Within the Soviet Union, it is not possible to simply deny that there did exist an opposition to Stalin. The question of Trotsky’s role in the history of the Soviet Union cannot be ignored, let alone answered with the traditional lies (i.e., Trotsky was a fascist, a saboteur, etc.) But glasnost has by no means signified a lessening of the bureaucracy’s hatred and fear of Trotsky. The campaign against him continues, but the complete discrediting of Stalinism has forced the bureaucracy to develop lines of attack somewhat different from those pursued in the past. The academic courtiers of Gorbachev, who were only yesterday churning out lifeless and cliche-ridden monographs aimed at reconciling Marxism with the needs of the bureaucracy, now echo the international bourgeoisie by proclaiming that Marxism itself is responsible for the crisis of the USSR. Thus, according to this “school of thought,” both Stalin and Trotsky were Marxists and the development of Soviet society would not have been fundamentally different had the Left Opposition defeated the Stalinist faction.

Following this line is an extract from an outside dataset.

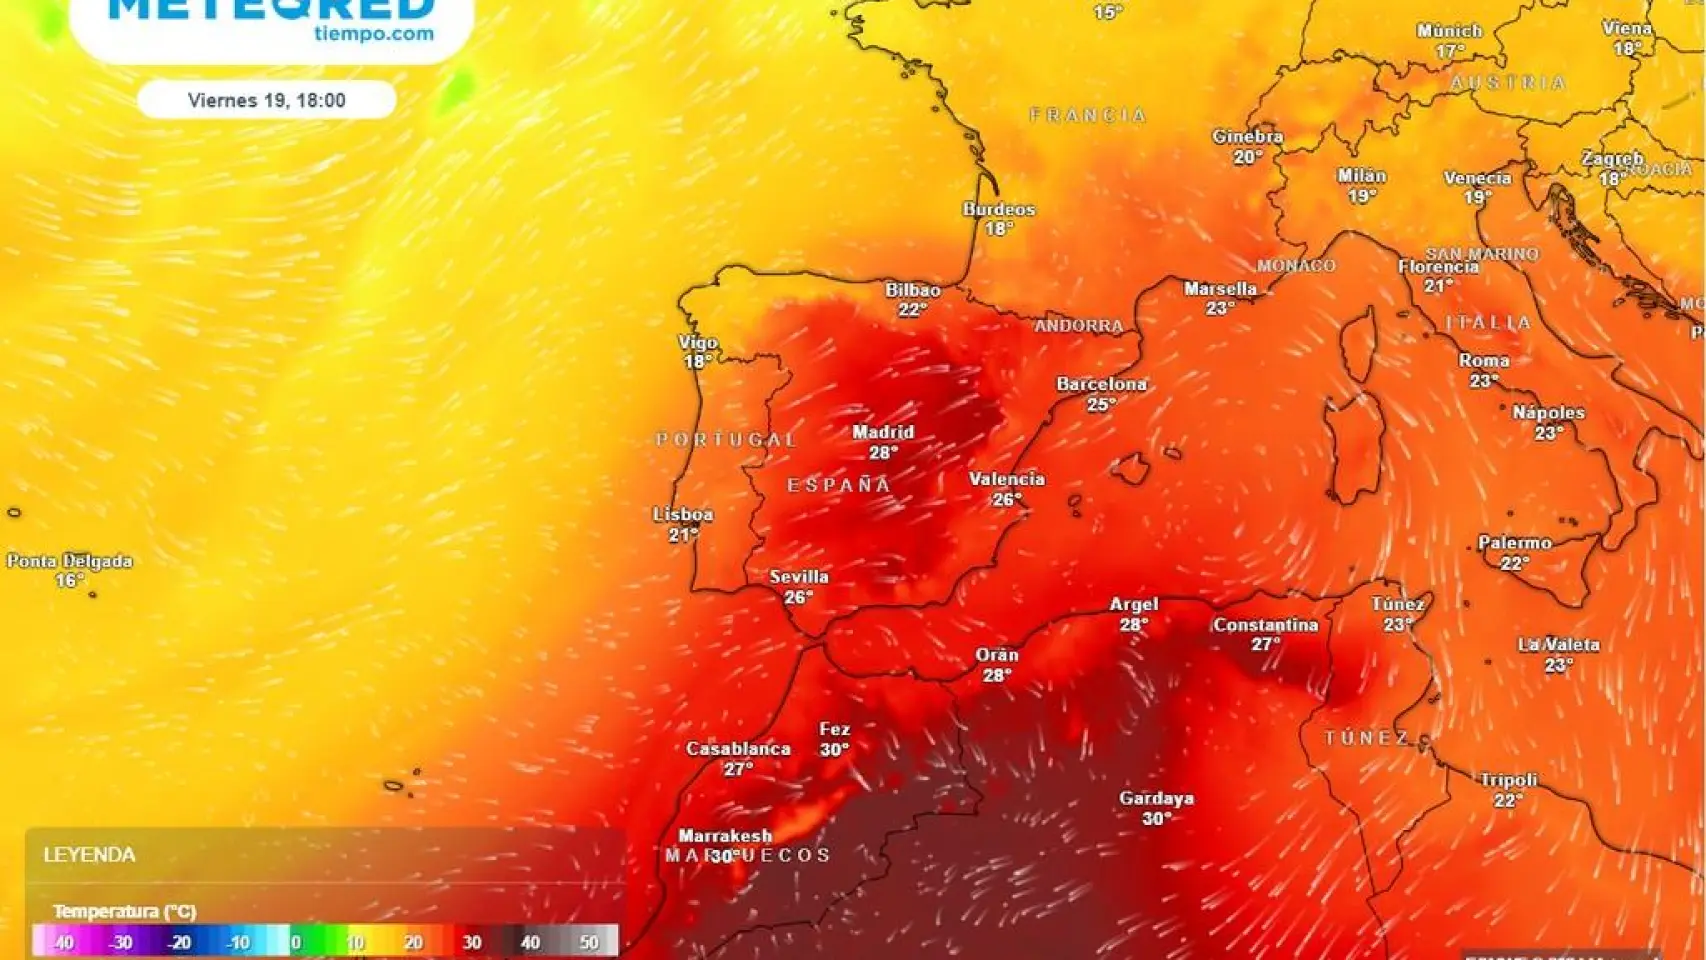 Ola de calor que afectará a toda la península este viernes. | Meteored

This argument finds its most vulgar expression in the writings of Aleksandr Tsipko, a Soviet “philosopher” who claims, “Stalin’s thinking and his idea of socialism were typical for Marxists of that time.... In his understanding of the ultimate goals of socialist economic transformations, Stalin did not differ ... with other leaders of the Party, such as L. Trotsky...” (Current Digest of the Soviet Press, April 5, 1989, p. 4).

True to his Stalinist training, Tsipko cannot resist indulging his taste for falsification. “Long before Stalin,” he writes, “Trotsky anathematized equilibrium as an unworthy way of living: One transformation after another was what mattered to him.... Trotsky was also convinced that there is no greater evil than to realize ‘material benefit’ from one’s labor; he likewise thought that revolutionary morality goes downhill when people stop being hungry, and he put the starvation of millions during the period of ‘War Communism’ above the well-fed ranks of workers and peasants during the NEP” (Ibid., April 19, 1989, p. 21).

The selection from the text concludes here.